Ever since the Liberals unveiled their surprise increase in the capital-gains tax in last month’s budget, the question on everyone’s lips has been: what will Pierre Poilievre say about it?
Well, maybe not on everyone’s lips. But certainly on some people’s. Conservatives, for instance. After all, conservatives are supposed to be against taxes and tax hikes, of all kinds. And leaders of the Opposition are supposed to oppose.
Surely the Conservative Leader would have to take the bait. Otherwise he would have to explain to his followers why he had once again failed to oppose the governing Liberals on a major question of economic policy – as he had failed to do on subsidies for electric vehicle batteries, for example, or on the ban on replacement workers.
Well, the days have just flown by, and at last we have our answer. Intriguingly, it’s: “What are you asking me for?” Only instead of a craven abdication of leadership, the talented Mr. Poilievre has managed to turn it into a boast, even a philosophical credo.
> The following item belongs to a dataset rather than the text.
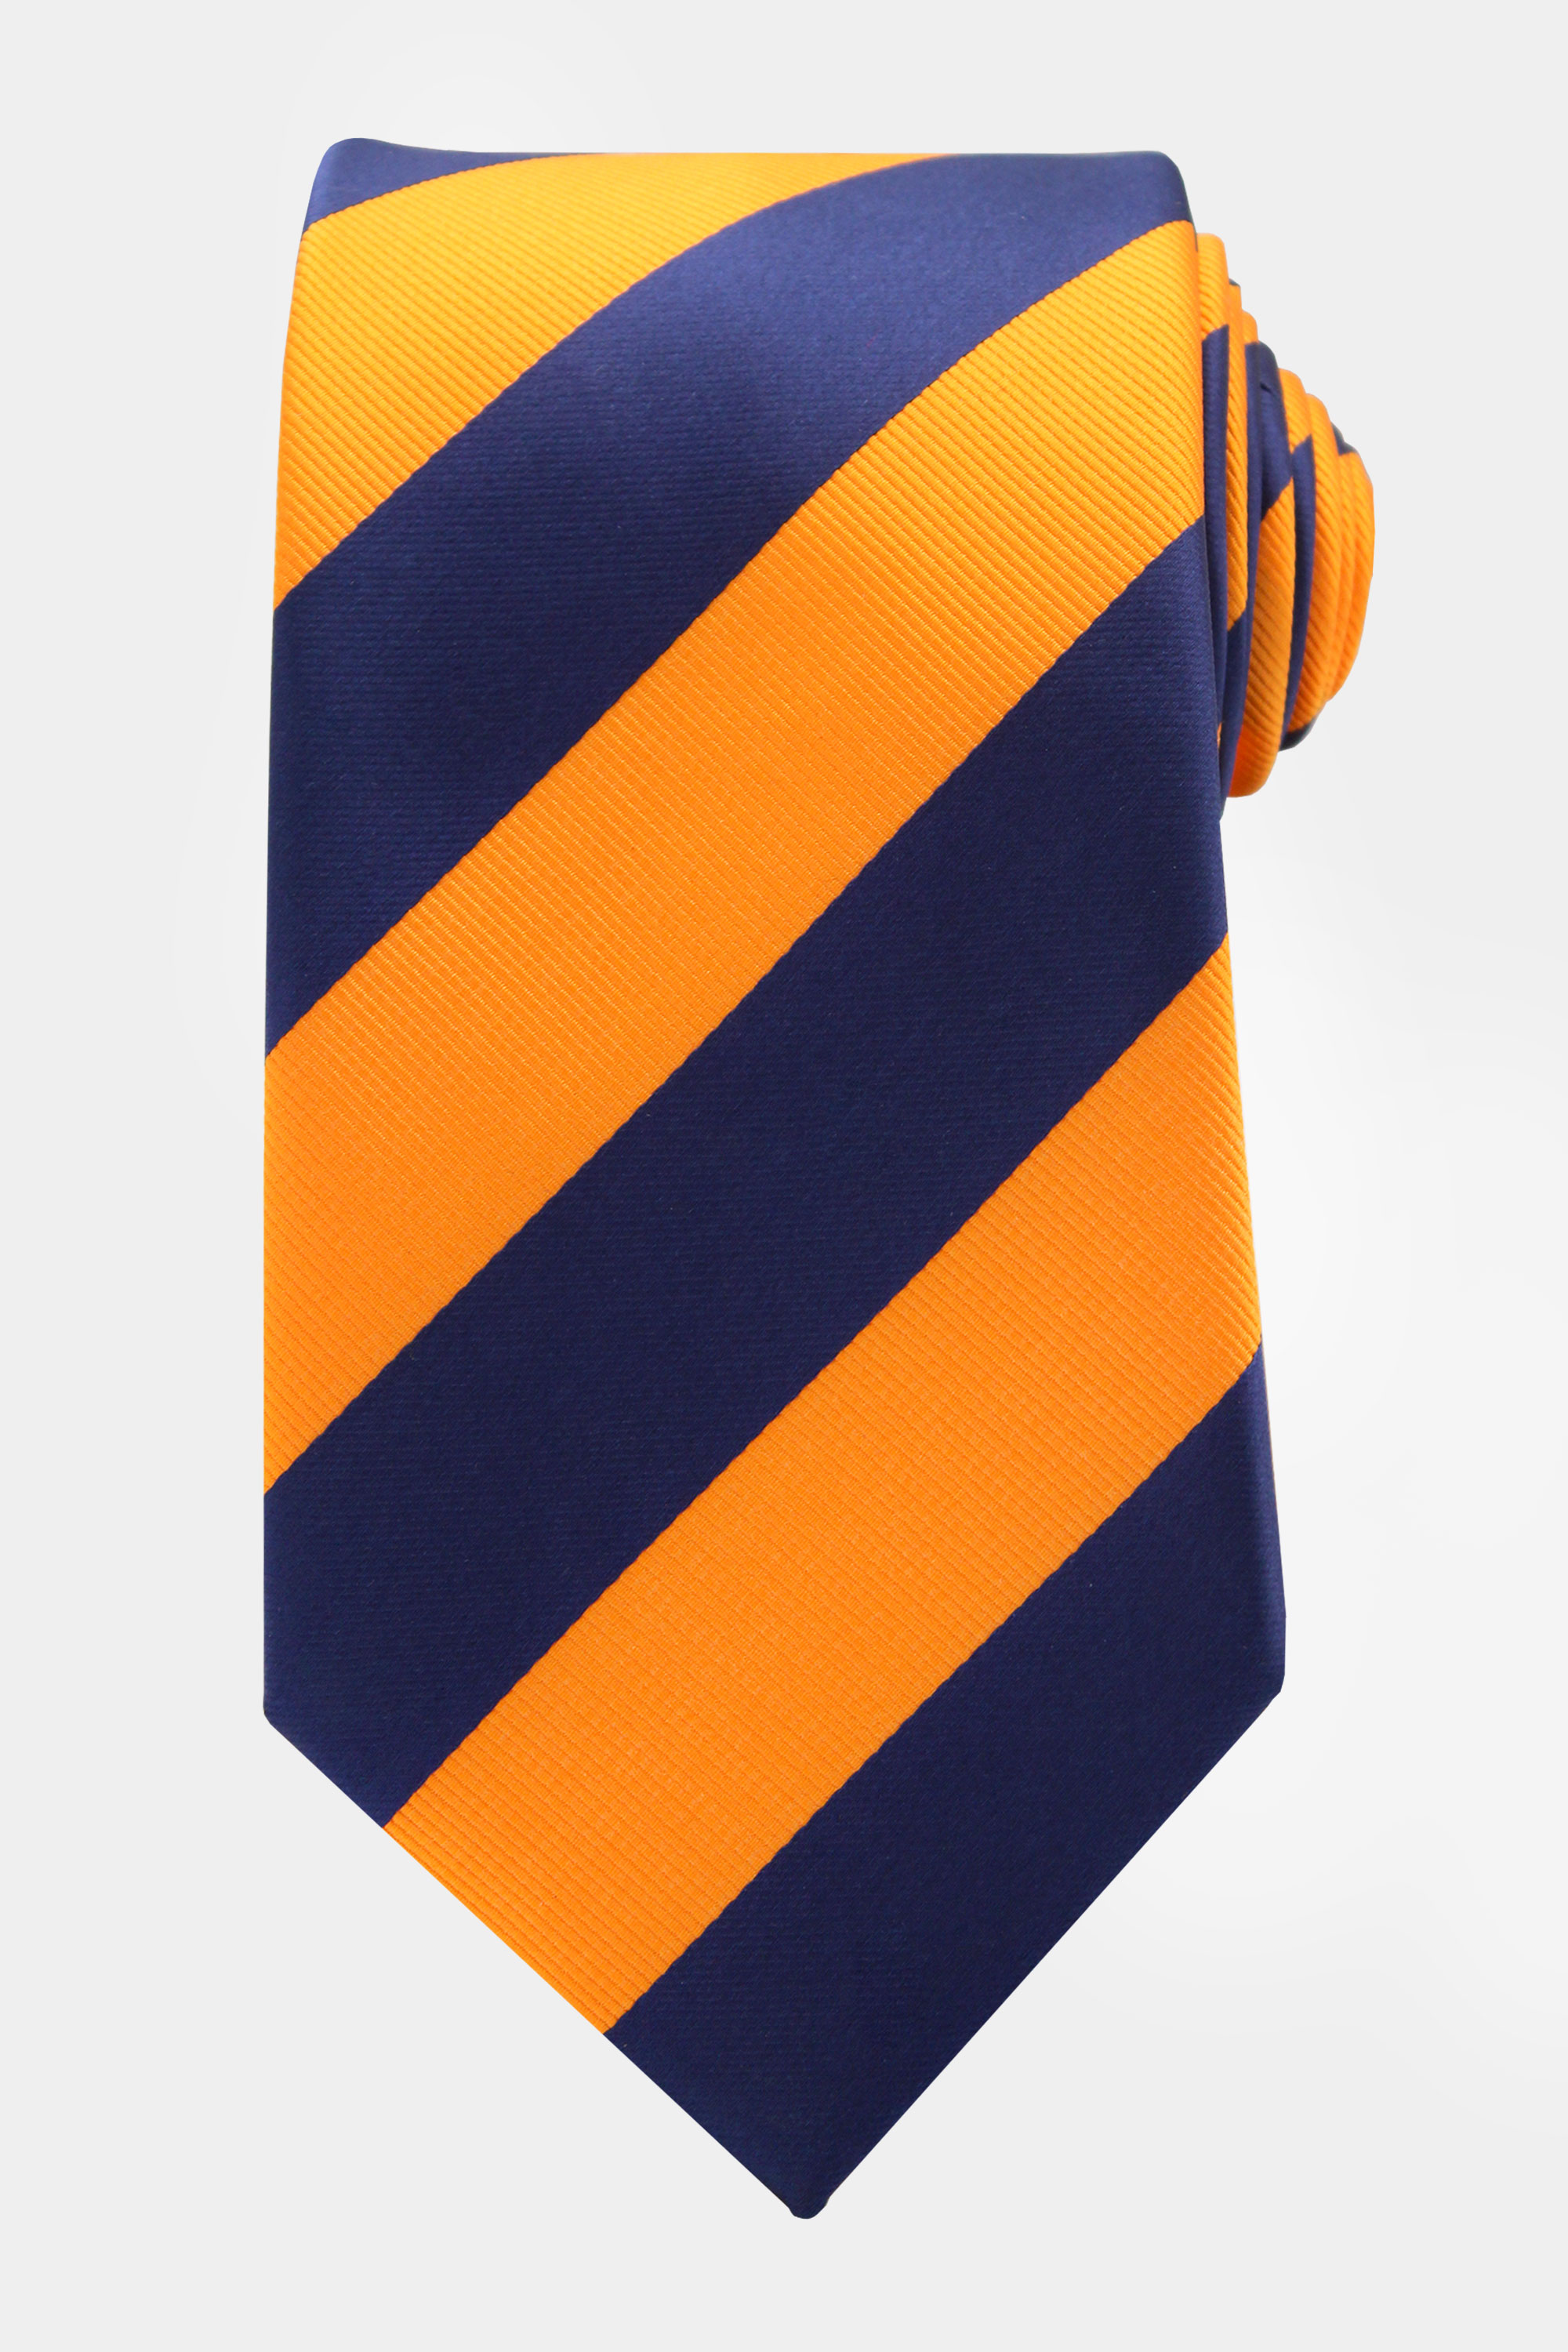 Orange-and-Navy-Blue-Striped-Tie-from-Gentlemansguru.com

In a striking piece in Friday’s National Post, Mr. Poilievre acknowledges that, indeed, investors and business leaders have been pressing him to lead the charge on the capital gains issue. Why, they’ve fairly been “blowing up my phone.”
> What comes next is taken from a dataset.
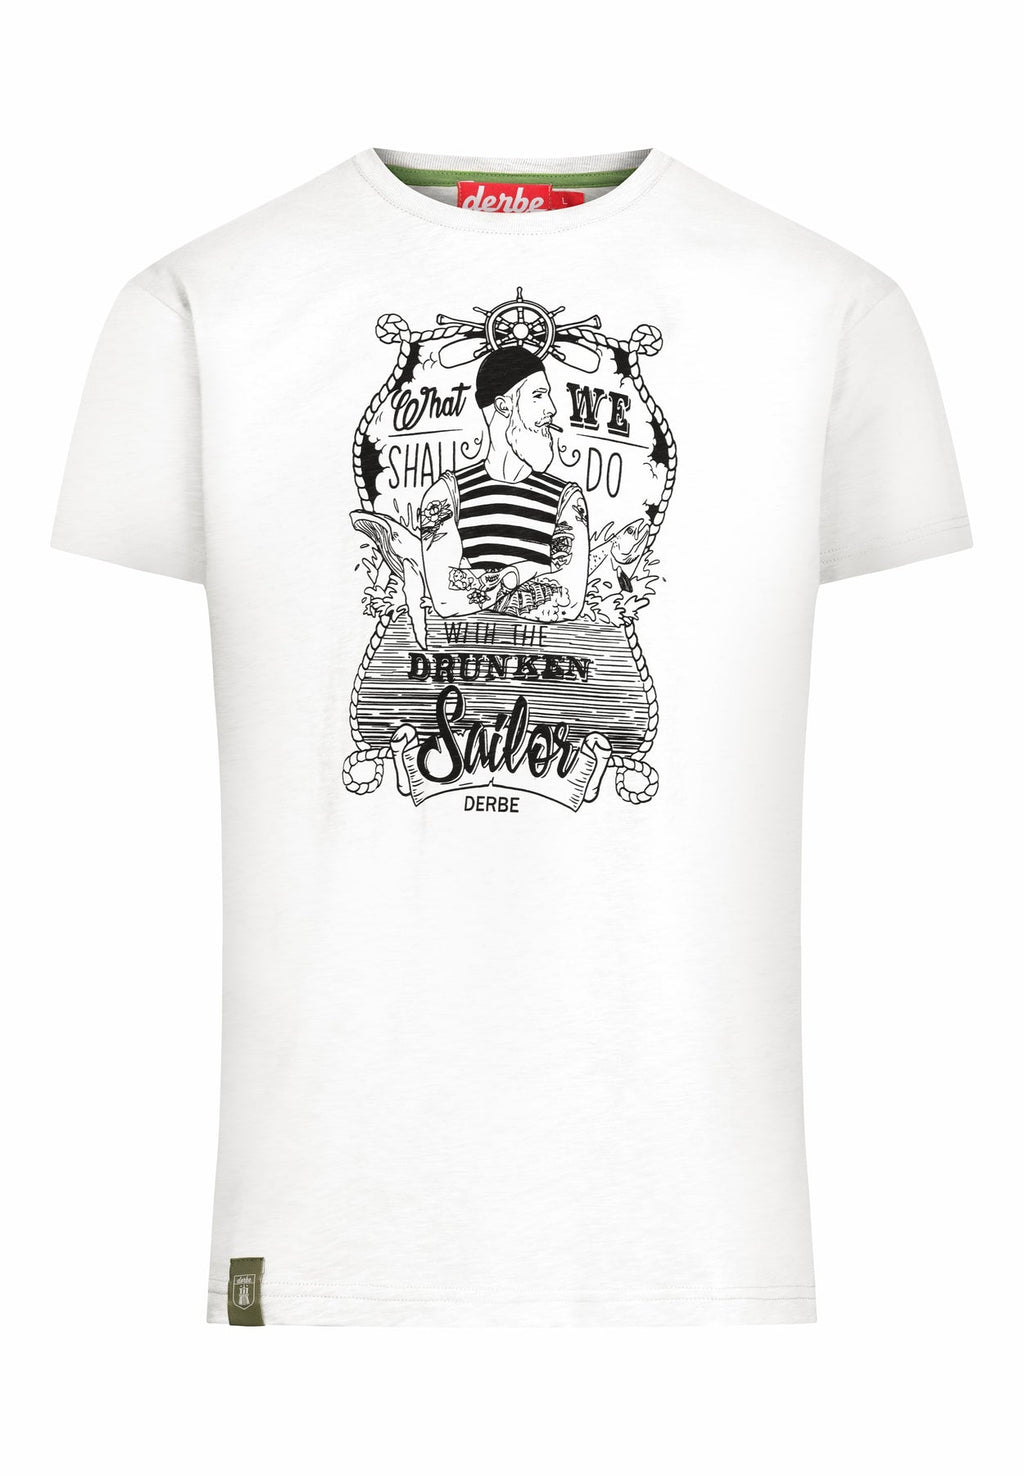 T-Shirt in Offwhite von Derbe Hamburg mit großem Frontprint ( What should we do with a drunken Sailor) aus 100% BioBaumwolle.

They yelp: “What are you going to do about this?”
My answer: “No. What are you going to do about it?”
Whoa. Who saw that plot twist coming? But there’s a point to it. Business, he complains, has been too content to roll over in the face of Liberal “attacks” on investment and entrepreneurship. “Gutless executives” prefer to “suck up” to the Liberals, relying on their “useless and overpaid lobbyists” rather than taking their case directly to the voters.
Got a beef, then, with the Liberals? You’re on your own. Why should I sell your bleat?
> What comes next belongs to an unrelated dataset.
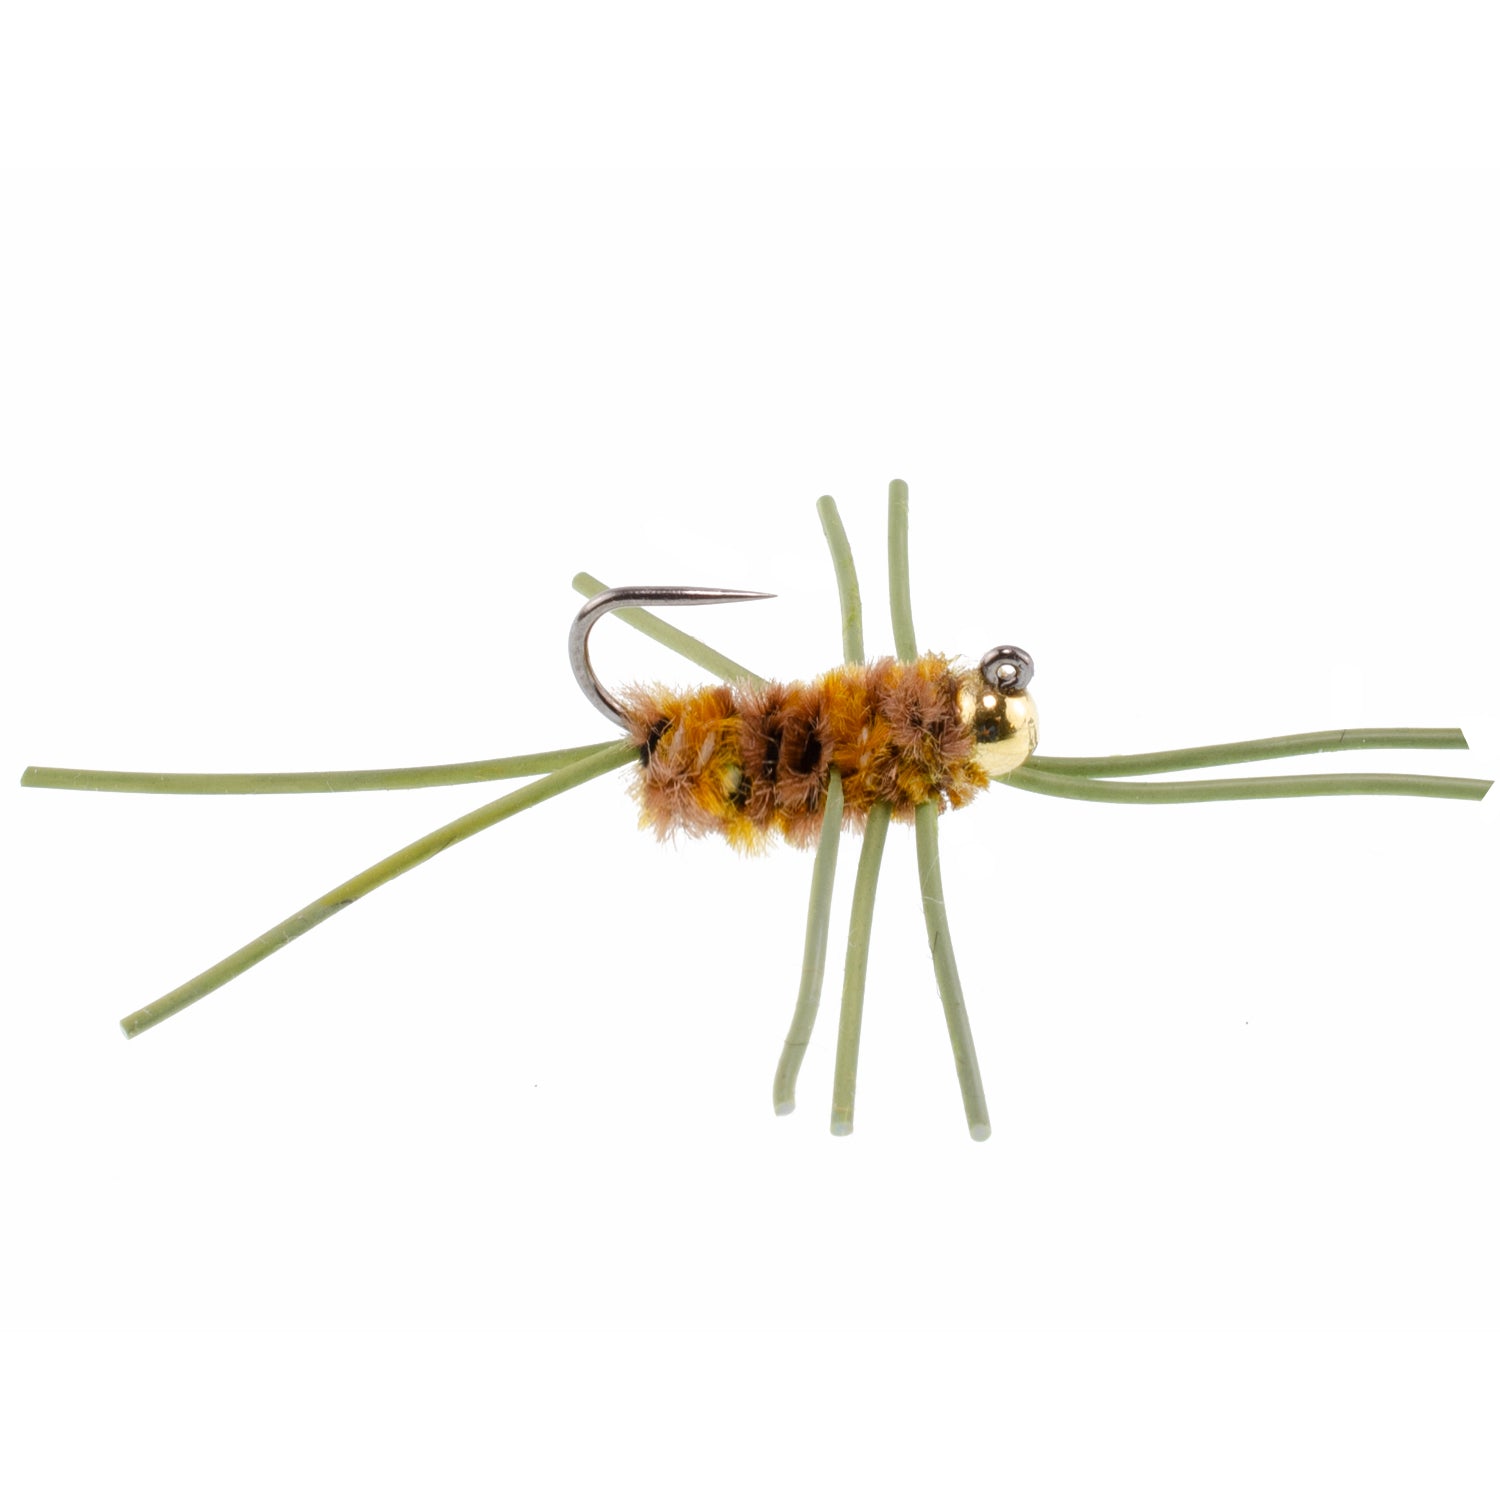 Cuentas de tungsteno Jigged Pat's Rubber Legs Surtido de moscas para pesca con mosca, patrón de mosca húmeda para trucha y lubina, 21 moscas, 7 colores, tamaño de anzuelo 10

This represents an evolution in the populist, anti-corporate pose Mr. Poilievre has been trying to strike of late. Read quickly, it might even look like Mr. Poilievre is giving business a bit of tough love, urging them to show greater self-reliance, less dependence on government.
And it’s true: business has been all too willing to cozy up to the Natural Governing Party over the years, accepting destructive and intrusive government regulations as the price of government handouts. Any leader that put a stop to this sordid exchange would earn the thanks of a grateful nation.
But if that was what Mr. Poilievre meant he could have said so. He might have said:
Don’t bother coming to a Conservative government for handouts, because we won’t give you any.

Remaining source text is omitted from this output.